М а р ц е л и й: Сказанное тобой — всего лишь пример деморализации, вызванной инсинуационно-личностной полемикой, которую несут в жизнь наши остроумцы и ослоумцы, хотя этот второй, более пошлый тип распространен у нас шире. Никто и не подозревает, насколько они вредоносны, равно как никто не знает, сколько энергии тратится впустую на перемалывание духовного говнеца через радио с громкоговорителями и прочие шумы, не дающие возможности сосредоточиться, а еще — через бридж, сегодня уже в меньшей степени, спорт, танцульки и кино. Слишком поздно спохватятся люди: зло успеет так глубоко пустить корни, что надо будет вырывать его вместе со всеми потрохами.
Р о м е к: Этот великий моралист с носом, начиненным Белой Колдуньей, воистину достоин восхищения как вершина бесстыдства.
М а р ц е л и й: Что ж, демагогический аргумент — это тоже культура нашей полемической атмосферы. Пускать в оборот явную чушь, рассчитывая лишь на глупость полуобразованных масс, чтобы потом пользоваться у них успехом, — для этого надо не уважать ни самого себя, ни своих оппонентов. А ты — как воссоздающий, а не создающий — не понимаешь психики художника-творца, который должен сам сгореть, чтобы родить что-то стоящее. Я эту проблему прочувствовал достаточно глубоко, чтобы иметь право говорить о ней с совершенно чистой совестью.
Р о м е к: «Nobody ask you, sir», she said[228]. Кто тебя просил посвящать себя этой мазне?..
М а р ц е л и й: Говорить так — пошлое свинство. Тебе кажется, что произведения искусства рождаются так же легко и просто, как твоя игра на клавикордах. Ты понятия не имеешь о самом творческом процессе, о возникновении чего-то из ничего.
Р о м е к: Вот именно, что из ничего. Твои концепции — чисто рассудочные, они не являются необходимостью всего естества, как и вообще музыка.
М а р ц е л и й: То-то и оно, что «естество», или куча требухи, является самым большим проклятием музыки, тем, из-за чего она содержит в себе элемент жизненного зла и формальное в ней извращение предполагает наличие некоторой сволочности у ее творцов — здесь это более непосредственно, чем в других искусствах. О свинстве можно писать объективно, и это может быть прекрасной литературой, можно творить демонически-извращенную поэзию, не мараясь ее жизненным элементом, извращенная дьявольская музыка возникает, как, впрочем, и ангельская, непосредственно из самых требухопотрохов артиста, и потому она должна пресытиться их испарениями как таковыми до того, как выпадет в осадок в виде чисто-формальной конструкции.

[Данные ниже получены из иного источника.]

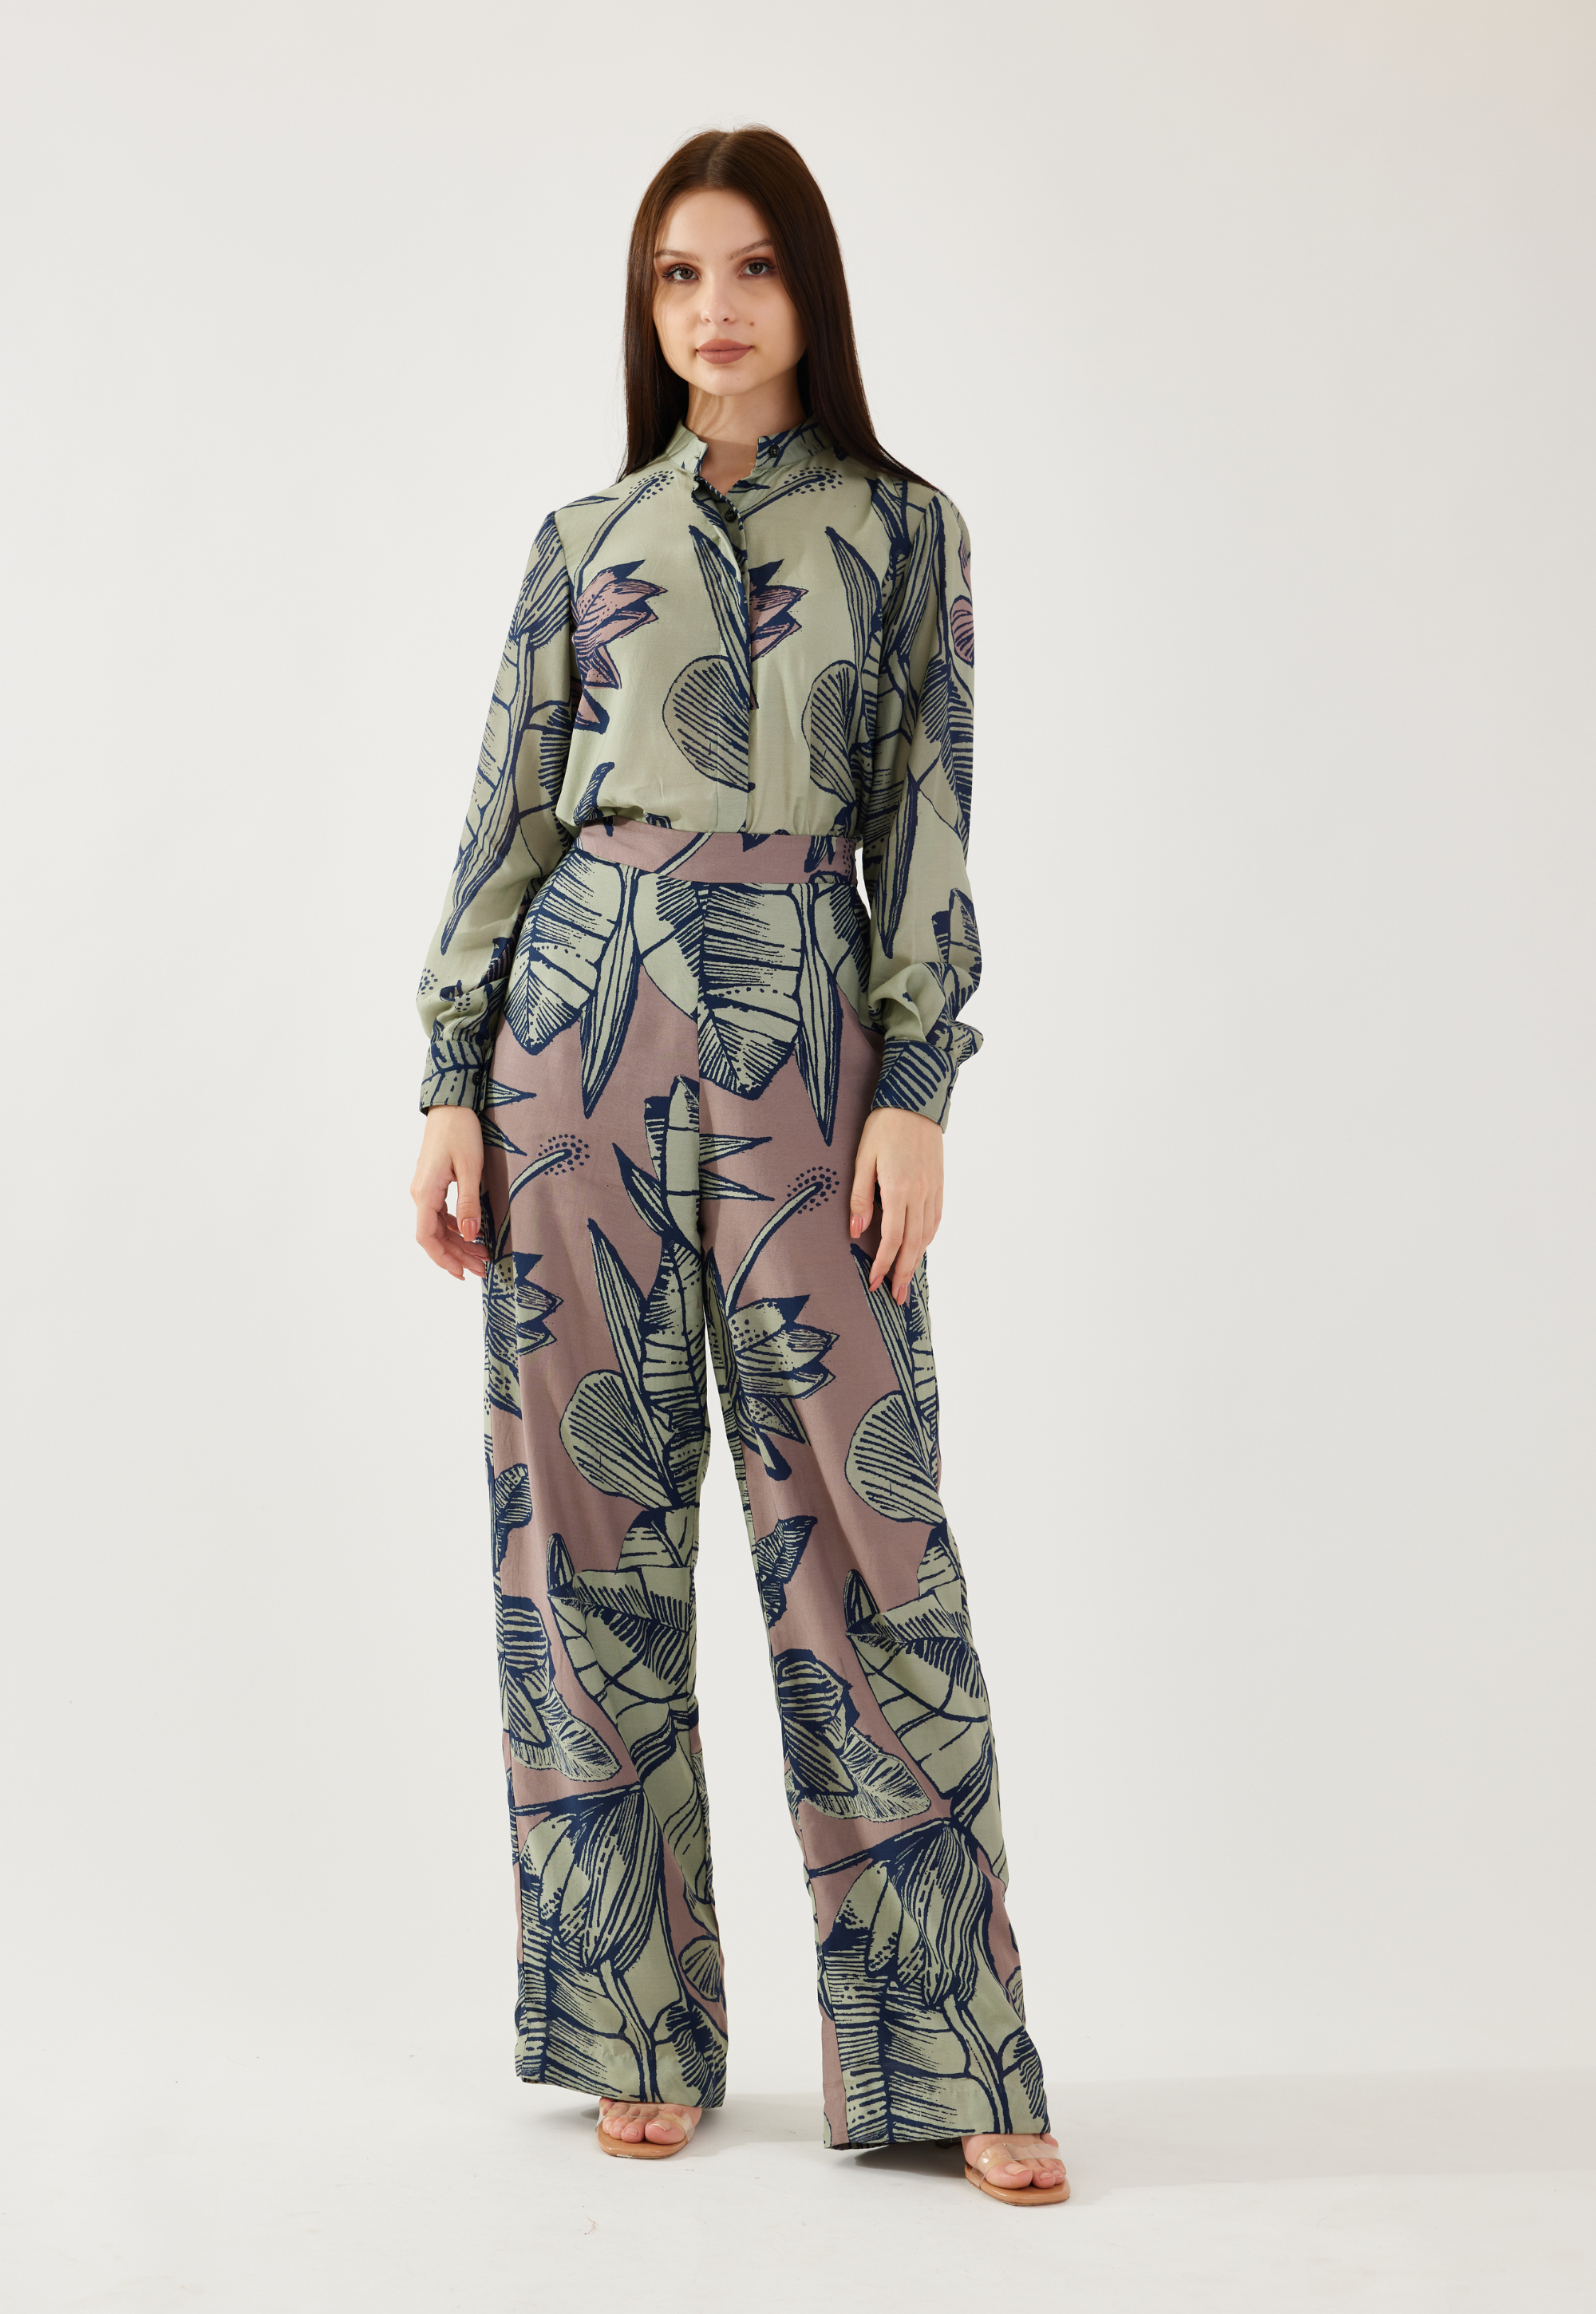 Olive and brown floral pants

Р о м е к: Бред! Я уже говорил, что есть такая высота, где все друг другу равны; более того: в сфере абсолютной художественности все виды искусства равны между собой.
М а р ц е л и й (на публику): Полчаса назад он утверждал нечто противоположное: абсолютное превосходство музыкальной абстракции.
Р о м е к: А разве я не мог измениться именно в эту минуту? (В сущности, все именно так и было. Ведь один только Бой, да, может, еще Слонимский никогда не верили в то, что чьи-то взгляды могут измениться по какой-либо иной причине, кроме желания отомстить или ради утилитарных целей — естественное исключение составляли их собственные взгляды, если эти идейные нагромождения вообще можно назвать взглядами.)